Os defensores da medida argumentam que isso daria mais isenção ao juiz que vai decidir se a pessoa é culpada ou inocente. Atuando também na fase de investigação, o magistrado poderia se deixar influenciar pela acusação. 

"Isso traz mais segurança ao jurisdicionado no sentido de que o juiz que vai dar a decisão é um juiz que vai ter equidistância do caso. É uma experiência positiva nos países em que ele existe. E realmente penso que os diálogos revelados pelo Intercept entre o juiz Moro e o Ministério Público fazem com que se torne ainda mais necessária uma medida como essa para que não se questione o exercício da função jurisdicional, o que abala a credibilidade do Judiciário", afirma o advogado constitucionalista Mamede Said Maia Filho.

"Vão existir questões de ordem prática que têm que ser contornadas. No médio e longo prazos a medida é positiva. Os problemas operacionais não podem desmerecer o acerto, que é a criação da figura de um juiz que, diferentemente do que dirige a instrução processual, vai decidir com mais parcialidade e isenção", complementa. 

POR QUE, NA PRÁTICA, PODE NÃO SER TÃO BOM ASSIM?

O Judiciário brasileiro não é conhecido pela agilidade. Tem muitos processos, burocracia, papelada e deficit no número de juízes. Colocar dois magistrados para cada causa dificilmente vai acelerar as coisas. Pode até piorar. 

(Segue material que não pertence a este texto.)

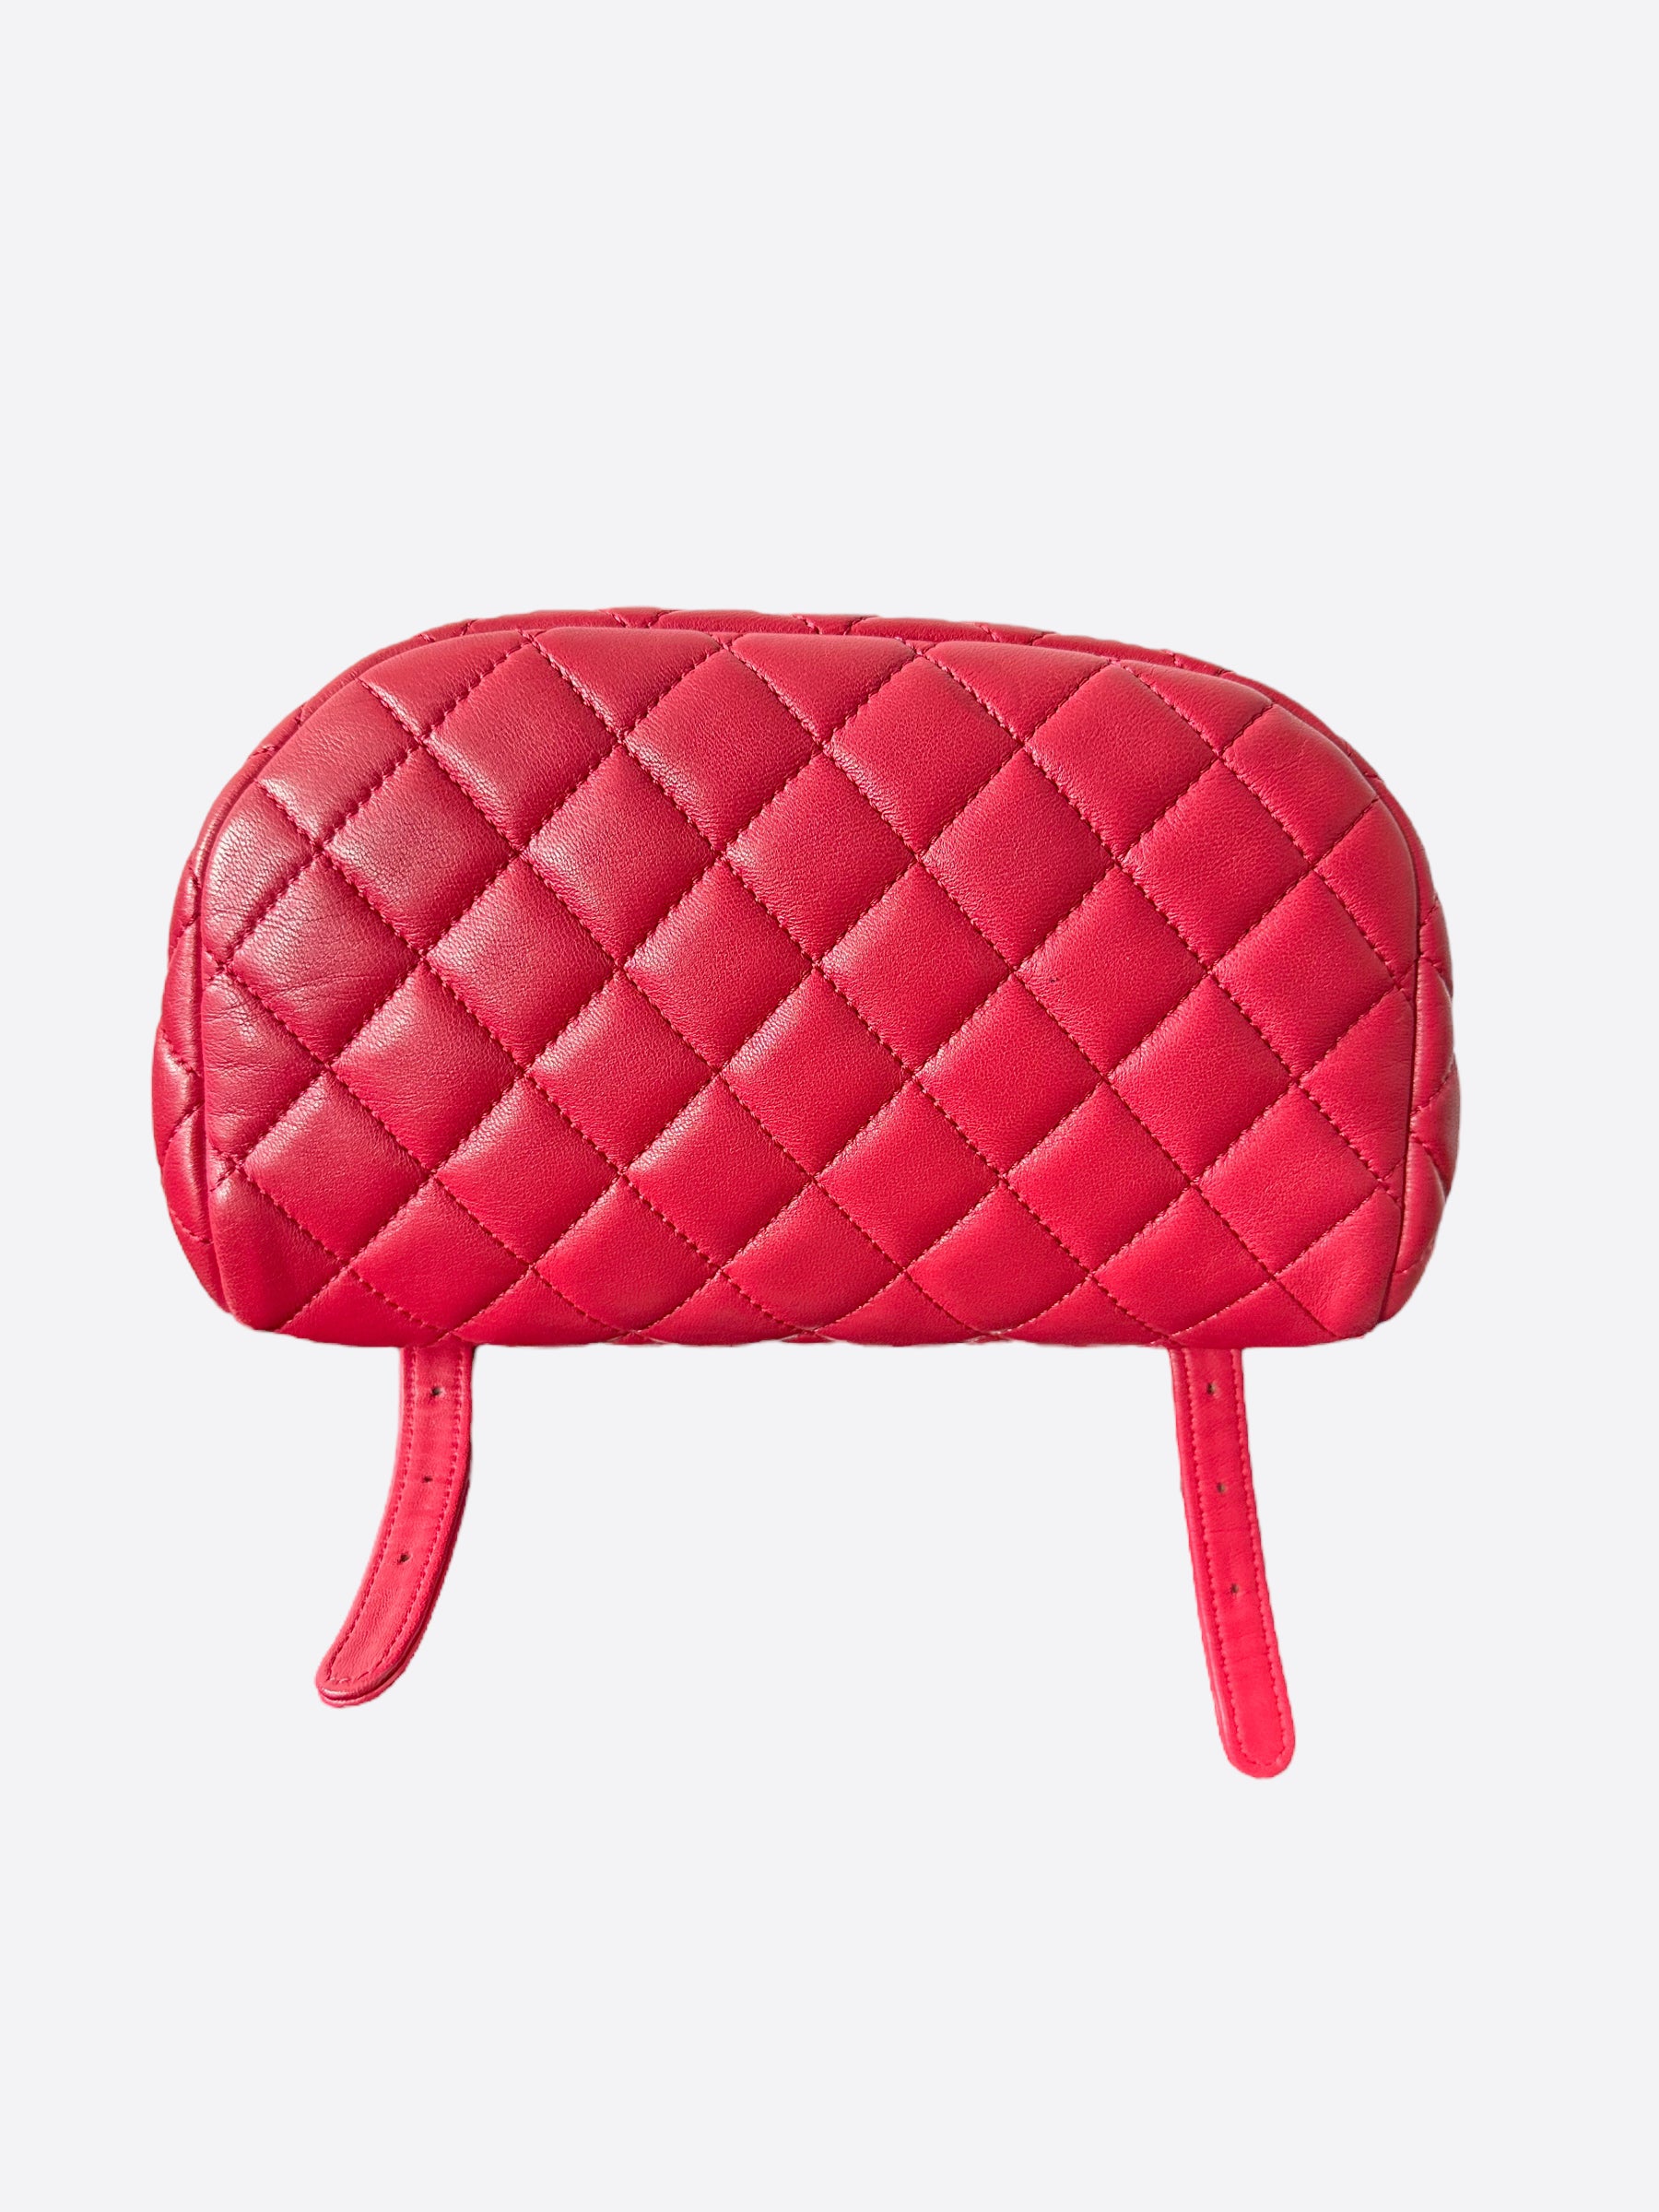 chanel red makeup pouch bag

"Esse é um risco", pontua o professor de Direito Constitucional e Penal Ricardo Gueiros. "O objetivo da criação do juiz de garantias não é a celeridade", lembra. "O principal problema é: Por que o juiz que vai julgar não é isento para falar sobre as demais coisas, a prisão, a interceptação telefônica. Por que a princípio vou duvidar dele? Se ele for parcial para isso existem recursos para o Tribunal de Justiça. Com isso está se criando cada vez mais desmembramentos", critica.

"Está criando mais necessidade de juízes e cargos sem garantia que vai haver maior garantia ao acusado. É presumir algo que não se pode presumir", alerta. 

FLÁVIO BOLSONARO PODE SER BENEFICIADO?

No meio da discussão teórica e das dificuldades práticas para a implantação do juiz de garantias no Brasil, há uma discussão política. A caneta do presidente Jair Bolsonaro poderia ter beneficiado o senador Flávio Bolsonaro, filho dele. 

Flávio é investigado, suspeito de lavagagem de dinheiro e peculato (desvio de dinheiro ou bem público) por meio de "rachadinha" ou rachid, que é a prática de ficar com parte dos salários de servidores públicos. E esses não necessariamente trabalhavam no gabinte do então deputado estadual, que é o cargo que Flávio ocupava na época dos fatos sob apuração. 

Se o juiz das garantias fosse aplicado a casos já em andamento, o juiz que cuida do processo de Flávio Bolsonaro poderia ser impedido de julgá-lo. O próprio presidente Bolsonaro já criticou esse juiz, Flávio Itabaiana de Oliveira Nicolau. Aliás, o presidente já disse até que, se pudesse, teria "cancelado" a investigação que mira o filho. 

VALE PARA CASOS EM ANDAMENTO?

Ricardo Gueiros diz que, sob a ótica do Direito Processual Penal, a lei pode, sim, retroagir. A questão, no entanto, também é política. Juridicamente falando também há dúvidas. O juiz das garantias seria aplicado a casos em que um magistrado já proferiu decisões na fase de investigação? Valeria somente para casos que ainda estão sob a alçada da Polícia Civil? 

"Por exemplo: Houve um assalto em Vitória. O juiz já determinou a prisão preventiva (portanto, antes do julgamento) do assaltante. Depois determinou a soltura. O Ministério Público pediu para prender de novo. Quem vai atuar? O juiz de garantias ou o que já atuou? E se for um caso que o juiz não atuou de forma nenhuma porque só estava na fase de inquérito? É com o juiz ou com o de garantias Juridicamente falando, sob o ponto de vista constitucional e legal a lei vale de imediato inclusive para casos que estão tramitando. Mas analisando caso a caso a situação é complexa. Tem que esperar o Supremo Tribunal Federal", resume Gueiros.

O Conselho Nacional de Justiça (CNJ) criou um grupo de discussão para analisar o pacote anticrime.